Statistical data sets are collection of data maintained in an organized form. The basis of any statistical analysis has to start with the collection of data, which is then analyzed using statistical tools.
Therefore statistical data sets form the basis from which statistical inferences can be drawn.
Statistical data sets may record as much information as is required by the experiment.
For example, to study the relationship between height and age, only these two parameters might be recorded in the data set.
However, if a more comprehensive study in required, then the experimenter might want to record the height at birth, weight, nutritional background, family history, etc.
Therefore the researcher needs to determine beforehand what kinds of data are required to be recorded in the statistical data sets.
Certain things are common to all statistical data sets. For example, the order of the data does not matter, which means the arrangement of the data within the data set is not important. Therefore the researcher has the freedom to organize the subjects under study in whichever order she finds it convenient.
Creating a statistical data set is only the first step in research. The interpretation and validity of the inferences drawn from the data is what is most important. However, this task is not possible without the data sets. Hence these are the starting point for most research in social sciences, medical sciences and physical sciences.

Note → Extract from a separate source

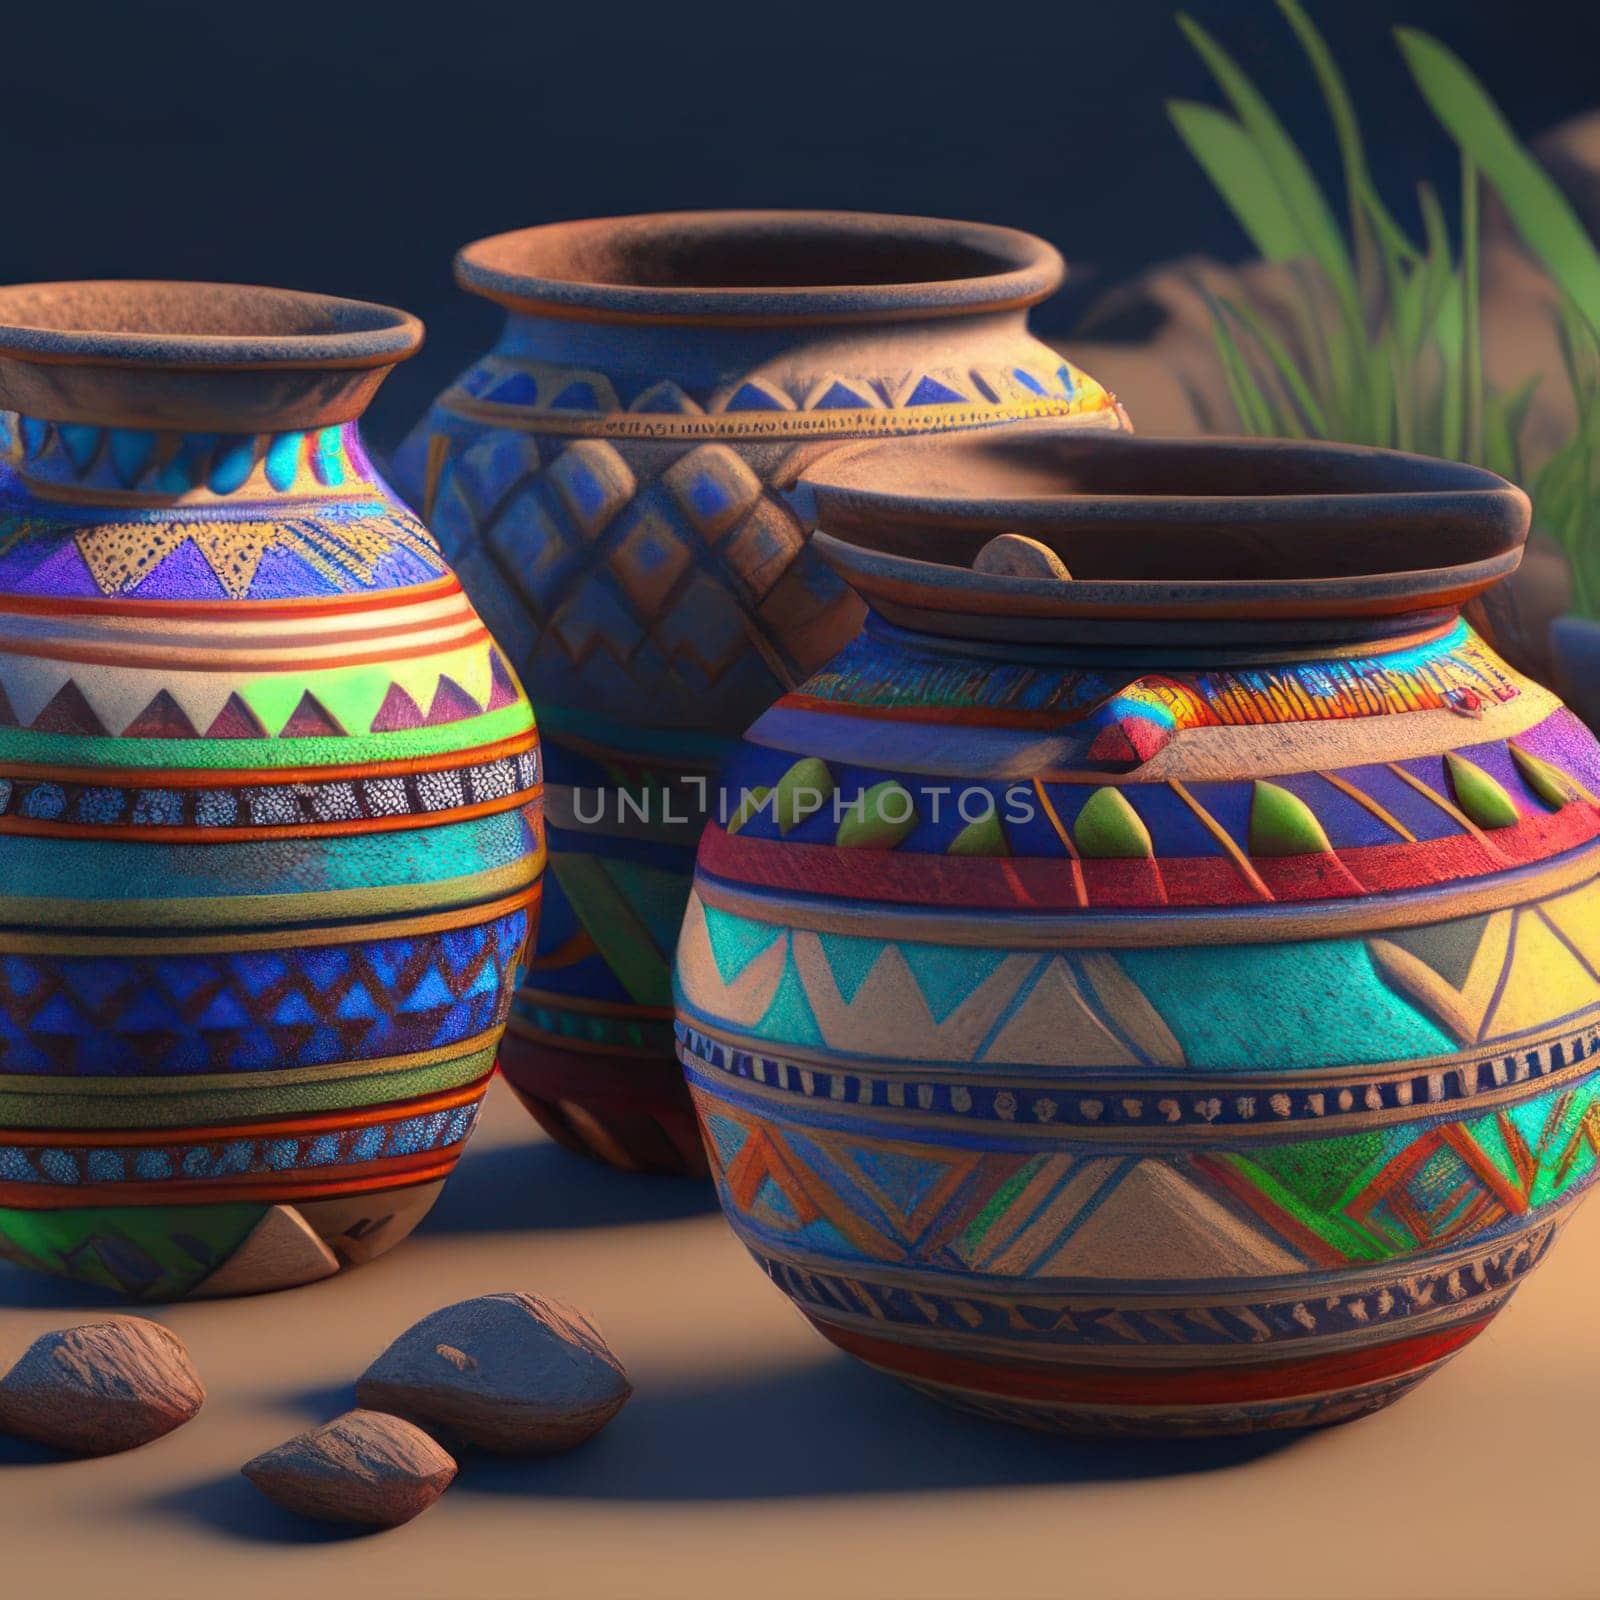 clay pots. Image created by AI

Huge statistical data sets are already available for many areas.
For example, the international genealogical index contains family history of many people in the past. If a researcher needs to study patterns and statistical data, she can simply make use of these data sets. This makes the job of the researcher much simpler.
A particular statistical data set can be used for a number of researches. The census data, for example, contains comprehensive data about the demographics of a country, which can then by utilized by a number of social scientists to study family structures, incomes, etc. within the country.
A statistical data set is therefore not an end in itself - it is merely the starting point where all the data is stored. How the data is collected and interpreted depends on the researcher studying the data.